If you know more suggest a link so we can add it here!!


----------



## Jill (Feb 1, 2013)

Some others that we also like (and I think we like ALL of the above!!!):

Chick Fil A -- http://www.chick-fil-a.com/Food/Meal

Five Guys -- http://www.fiveguys.com/menu/nutritional-information.aspx

Dominos Pizza -- https://order.dominos.com/en/pages/content/nutritional/nutrition.jsp

Arby's -- http://www.arbys.com/food.html

Pizza Hut -- http://www.pizzahut.com/nutritioninformation.html

(urgh, this made me feel hungry!!!)


----------



## SugaryCharm (Feb 1, 2013)

Good info! Depressing, overall, to see just how bad for me some of my favorite fast-food meals are, but good info nonetheless!


----------



## Cookie (Feb 2, 2013)

Some of these are eye openers!


----------



## Hosscrazy (Feb 6, 2013)

Here's Panda Express:

http://s3.amazonaws.com/PandaExpressWebsite/files/pdf/Nutrition_20130118.pdf


----------



## vickie gee (Feb 7, 2013)

I could not find the info on Wendy's chili but I refuse to give it up. We buy the family size at least once every 3 weeks during cold weather. You can't beat the price or the taste or the yummy sauce that comes with it. I always ask for extra sauce! They should call their chili Dang Good Chili. I am not into fast food at all and our kitchen remodel turned me against it for sure. Wendy's chili was a bright spot in the ordeal though. I am hooked and my own chili is good but when I can pick this delicious hot chili up for less than $10 I have to give it two thumbs up.


----------



## Debby - LB (Feb 8, 2013)

Here is the info. for the Chili: Click Here I was so afraid to look at it, I Love it too! The worst part is that this is for 12oz!!! that's nothing.


----------



## vickie gee (Feb 19, 2013)

Debby - LB said:


> Here is the info. for the Chili: Click Here I was so afraid to look at it, I Love it too! The worst part is that this is for 12oz!!! that's nothing.


Debby,

I just remembered this thread because I picked up Wendy's chili again Saturday.

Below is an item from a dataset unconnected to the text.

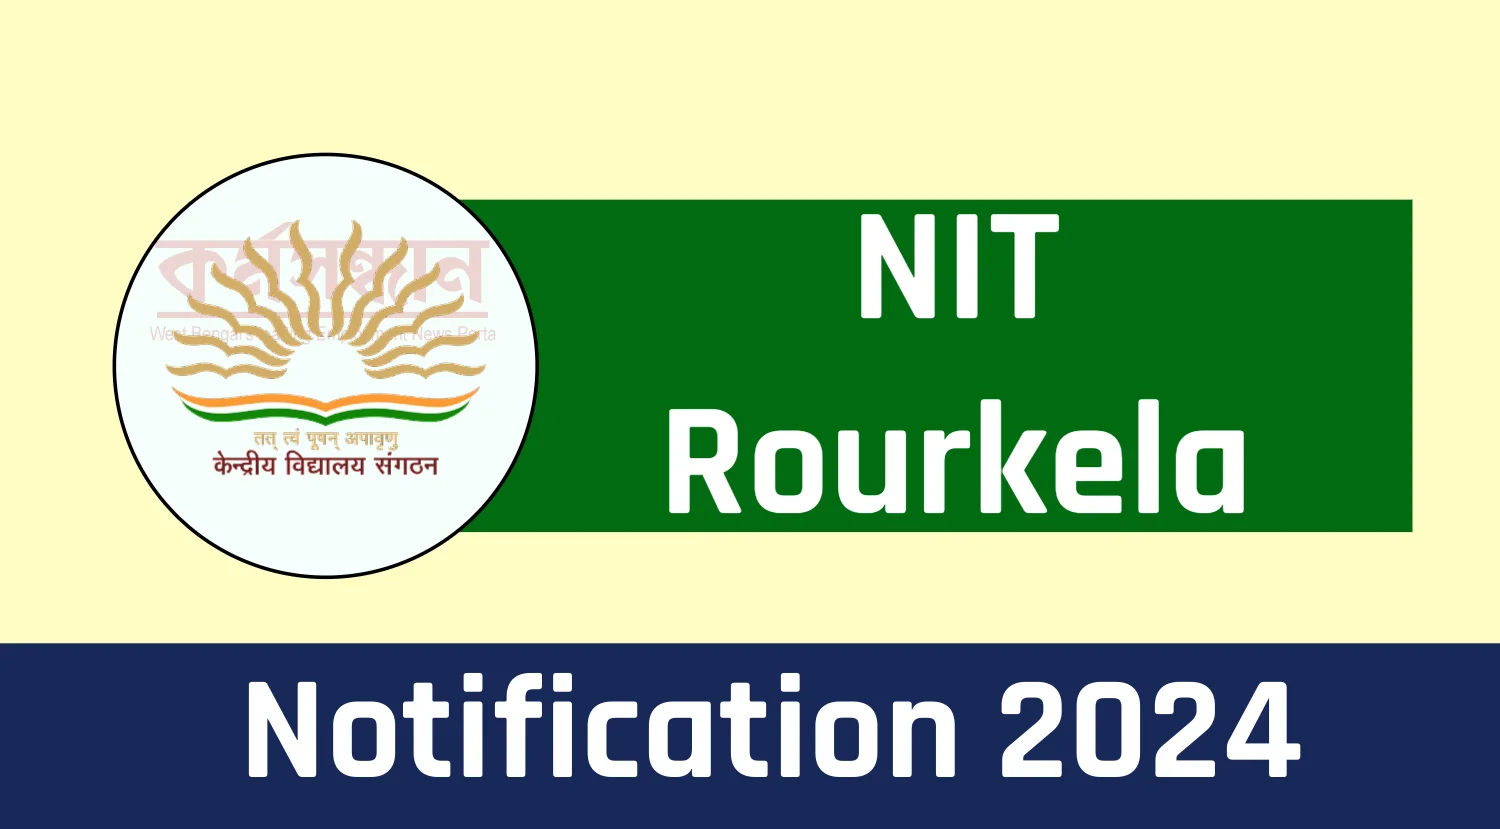 NIT Rourkela alumni mobilise funds for research with Rs 1 crore to start  with - Bhubaneswar Buzz

I had purchased more than $200 worth of groceries and knew I would be in no mood to cook after putting them up so I bought the family bowl on the way home. I guess I must have wuffed about 1000 calories more or less. Oh, well just a little more meat on my bones for the winter. Hubby was worse than me. He had the last bowl Sunday morning right after we got up.


----------